I'd show you the hat - which is super scrummy, using some Kaffe Fasset striping sock yarn in hot pink - but it has escaped somehow. I suspect it jumped out of my bag at the conference...  If you are in Glasgow and find it wandering about, do send it home!


Thursday, 17 May 2012

Deli..cious

I think I mentioned the endless trim on Deli, which I have been knitting for most of the past year month week or two (really, who would attempt to sew that on?!!!)


Well - it's finished - not quite, but the end is almost in sight, and I've managed a sneaky trying-on session to see how it looks. 




I like it. 


It doesn't look anything like the one in the book (which is very long and more like a coat than a cardigan), but it seems to fit me well. 


We'll be away next week on our hols, so expect some Scilliness (we are going to the Isles of Scilly). Haven't decided what knitting to take with me. Something small for sure, but what else?  I could really do with some more cardigans in my wardrobe, but it's so much easier, not to mention quicker, to knit something for a small person. 

Monday, 27 February 2012

Still addicted...

The blanket is still the thing. The socks aren't getting a look in. Neither is the cardigan I should finish (all sewn up and just waiting for 300 miles of edging to be knit onto it). There is an itch to be scratched, and I just need to scratch it.

The ripping and re-doing of the blanket has been a complete success. I am much happier with everything, and now starting to motor along, getting quicker and quicker all the time. It's a good feeling.

The rugby outing yesterday afternoon was fabulous. I have missed going to big matches like that (the last international I went to was the RWC in 2007, when the bean was about 9 months old), and it was so good to be back at Murrayfield for a sell-out match. The atmosphere of Scotland vs. France matches is always very good natured. The french fans play their part well, with  lots of flags and coloured wigs and silly hats. It meant that there was plenty to look at for our two little people - particularly the jelly bean - at her first rugby international. Her brother went to his first international match as a babe in arms, aged only 2 weeks! He's been to a few more games since then, mostly with his dad and other (male) grownups. This was our first outing as a family of 4 - and a rehearsal for attending sporting events with small people in tow, as we are off to the Olympics in the summer...

Too bad that Scotland couldnt get a win yesterday - but the roar that went up when they scored was incredible.
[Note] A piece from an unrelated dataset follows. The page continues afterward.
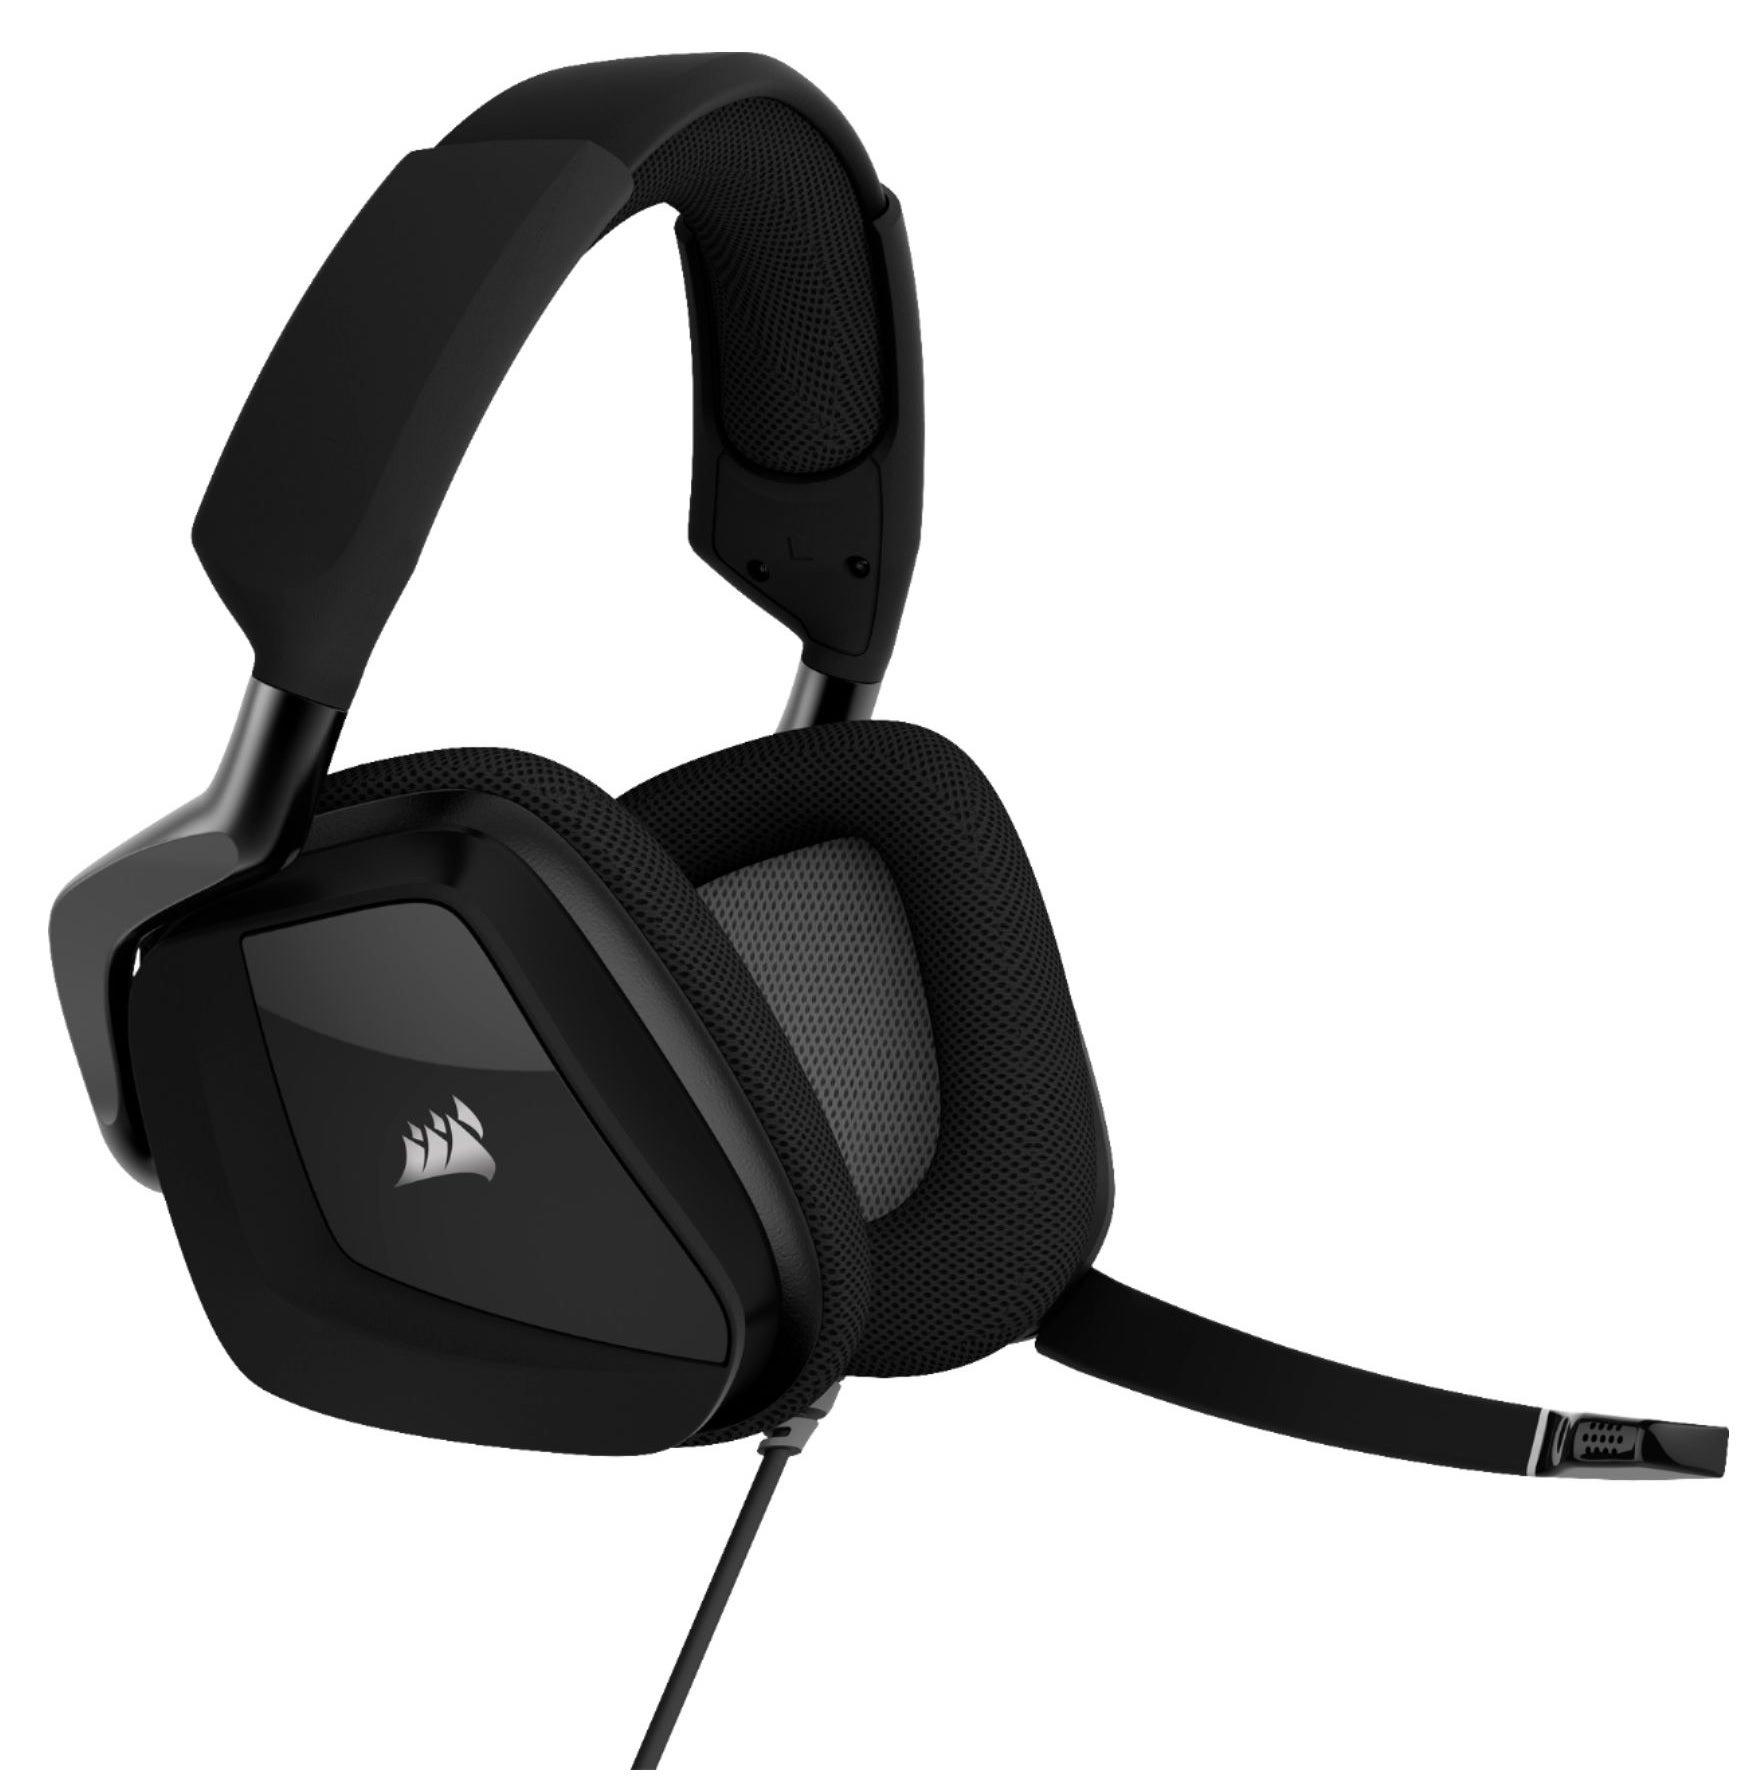 Corsair Void Elite Wired Headphones

And, we were lucky enough to be sitting in the north stand, so saw the first (Hogg) try fairly close up. A great memory for us all.





I've been thinking about stuff lately. There are so many of us trying to cope with having too much stuff. And, the more I think about, the more I think that the motto of the 21st century should be: don't buy stuff; do stuff. Yesterday was a good day for that.

Monday, 31 October 2011

The Cardigan of Doom (again)

On Saturday evening, I was booked to baby sit for a family we know. They had a dinner of spectacular proportion to go to (17 courses or perhaps 29), and I knew that I would have a long evening to entertain myself. The plan was this: to seam the cardigan of doom and continue with the knitted edging which goes on for several hundred yards seemingly. I got my bag ready in good time, and when the time was right, I set off to supervise someone else's children into bed (with an obligatory story or two) and then settle down on someone else's sofa for the evening. After reading the paper and spending some time trying to work out which combination of FOUR remote controls resulted in a tv with both sound AND picture, I picked up my bag to begin. I hauled the sorry nicely blocked pieces out of my knitting bag and set them aside. Then I reached in for my scissors and needle case. And, it was at this point that my plans for the evening broke down. Neither scissors nor needle case were actually in my bag - and I believe scientists have established beyond doubt that those two things are fundamental for sewing up anything you might care to mention. I was stumped. I was flummoxed. I was completely bojangled.

Fortunately, before leaving my own two chiddlers at home for the evening, I had stuffed the boy socks into my knitting bag, just in case.

Just as well. Sock two progressed from just started to more than half done, just like that. I finished it last night, and tried it on my sleeping son to make sure it wasn't too small. Save for one small detail (some blocks of duplicate stitch on the sole to indicate the approximate size of the sock- I'll show you sometime) - they are all done and in the (very smug) Christmas box. And the cardigan of doom still mocks me from the knitting bag...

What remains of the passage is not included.